Now this might not be the best explanatory article on JEPA, but there are a few articles that I've been referred to as some really good blogs to read from. I've denied myself the opportunity of going through them (yet), only opening them after I finish writing this blog. Therefore, I'll add them to the end of this blog. (ended up reading them by the time I was done writing this.)
Setting Context¶
You might ask: "Why a new architecture when the current LLMs seem to be great enough already?" And that question kind of hits the bullseye of the stir this paper has caused, although only partially. Current Large Language Models work, in an broad oversimplification, guessing the next word or token.
A more detailed explanation would involve defining a few things to truly understand what is happening:- - Tokens: basic unit of text - Vectors: numerical representation of data with a lot of dimensions to capture semantic meaning - Encoder: Encodes raw text into tokens - Decoder: Decodes tokens into raw text
With that, let's try to understand what's happening behind current LLMs. First, the input is taken by the encoder and encoded into tokens. These tokens are then embedded into vectors, which is then sent to the model. Current models are Transformers, and they're implemented as decoders themselves. This is known as a Decoder only Transformer. This decoder, which we will refer to our "LLM" now, can generate a token one by one, which is essentially guessing the next word/token of the sentence. How does our LLM know what comes next? It employs a method called Attention, first explained in the paper Attention is all you need to capture context from the input. Great, but how does it know what those words mean? That, is infact, explained by the P in GPT, or the formal name for these models. GPT stands for Generative Pre-trained Transformer, and our LLMs, which in essence are actually GPT models, are trained on a huge set of data. A way too much data, or so LeCun says. Why so?
When you compare this to a human, you find out that the way humans learn, or to put it in the same jargon, consume "data" and form patterns, seems way more efficient than an LLM. Current LLMs can think only by generating the next token, and that means the LLM is stuck to the language it learns by processing the data fed into it by us. Recent advancements like Reasoning and thoughts did improve it, but these LLMs are still prone to hallucinations and false information.
LeCun points out that generative models suffer from what is essentially a "high-dimensional nightmare." Think about it: if you're predicting the next word in a sentence, there's a finite number of words in a dictionary. But if you're predicting the next frame of a video, there are an infinite number of ways those pixels could be arranged. Trying to hit that exact needle in a haystack of infinity is why generative video often looks like a psychedelic fever dream when it gets things slightly wrong.

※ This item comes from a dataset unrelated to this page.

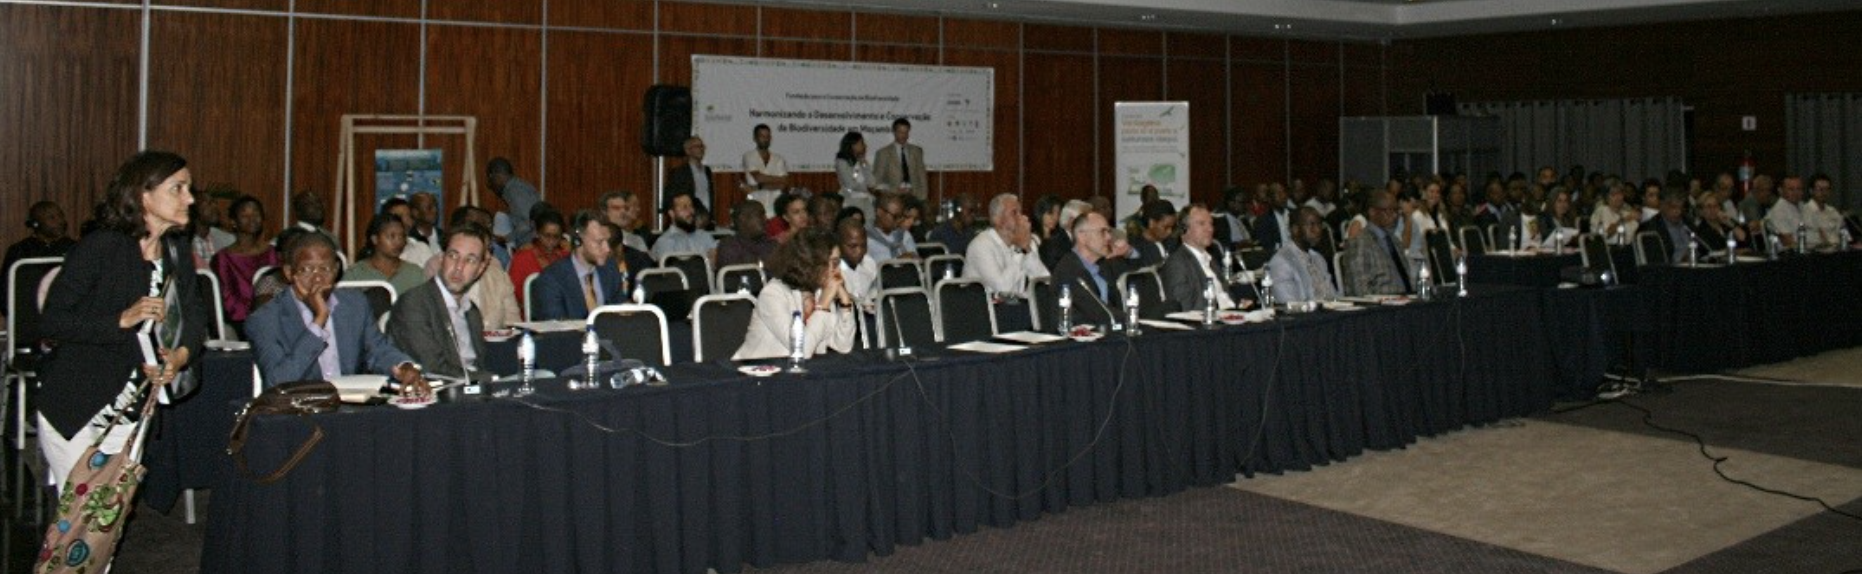 Mozambique forum

LeCun compares the (then, 2022 is 4 years ago) current AI systems with humans and highlights the drawbacks of these LLMs. He argues that, despite pitting against the best AI model we have, a human will always be better than it in driving and other 'trivial' tasks. With that, he puts forward his theory of animals and humans learning "world models". More on that later, but there are 3 questions that current AI research must answer, atleast according to LeCun:- 1. How can machines learn and act only largely through observation? 2. Can a machine reason and plan in a way that is compatible with gradient-based learning? 3. Can machines learn to think about stuff in multiple abstractions and time frames?

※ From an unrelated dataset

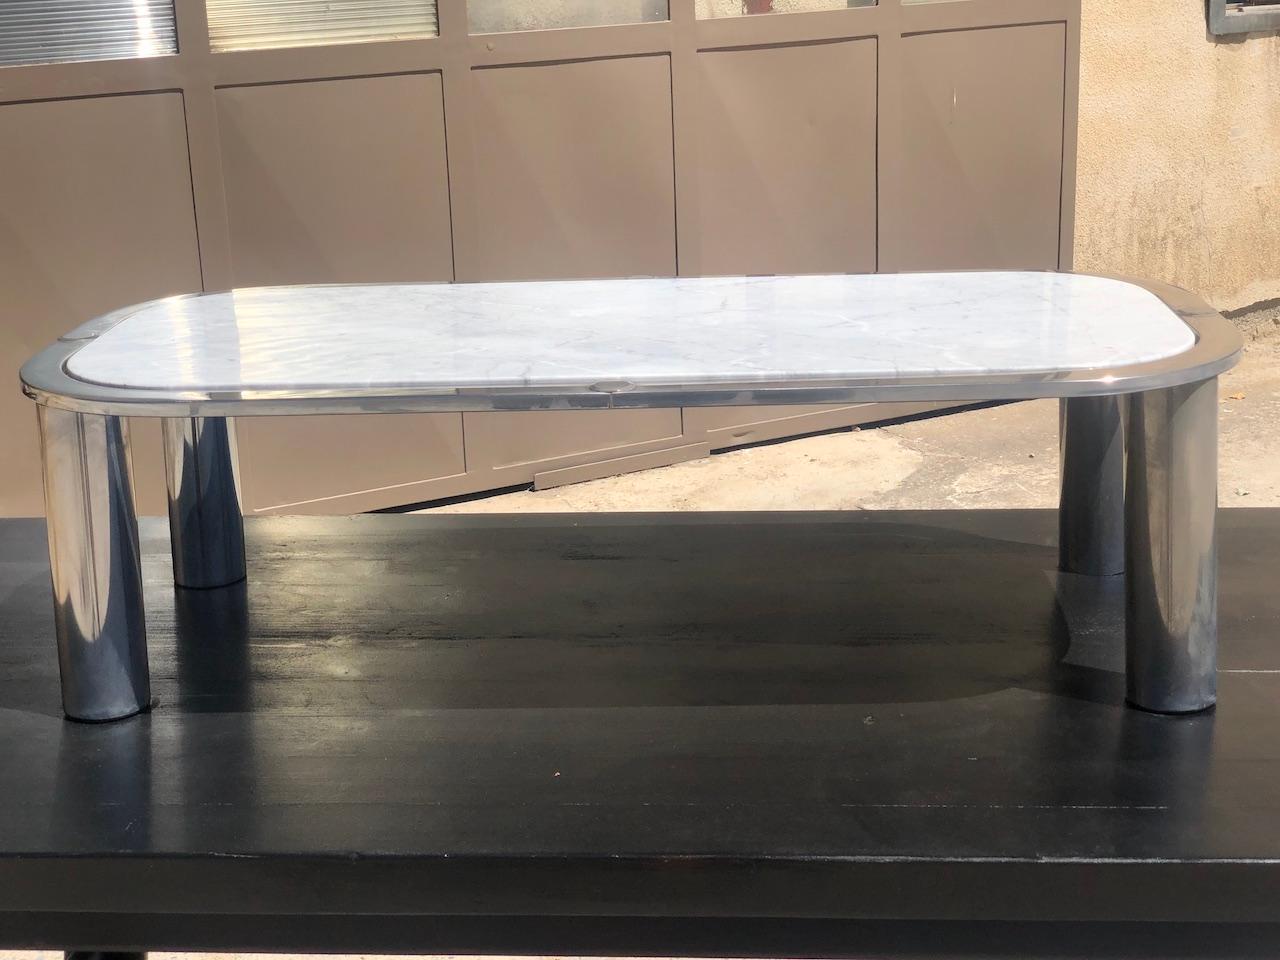 Vieille table basse avec plateau amovible en marbre blanc veiné. Structure et base en métal chromé.

Yann says he has an answer with the model architecture he proposes.
Drawing Inspiration¶
So where do we start when making a smart model that imitates humans? Well, we imitate humans. Atleast the way we think we work, that is. LeCun begins with the idea that humans and animals interact the world using something called "world models" from Craik's 1943 paper titled "The Nature of of explanation". He also takes Bryson and Ho's 1969 paper on Applied Optimal Control and explains that predicting the next state using forward thinking models has been a standard in terms of control theory.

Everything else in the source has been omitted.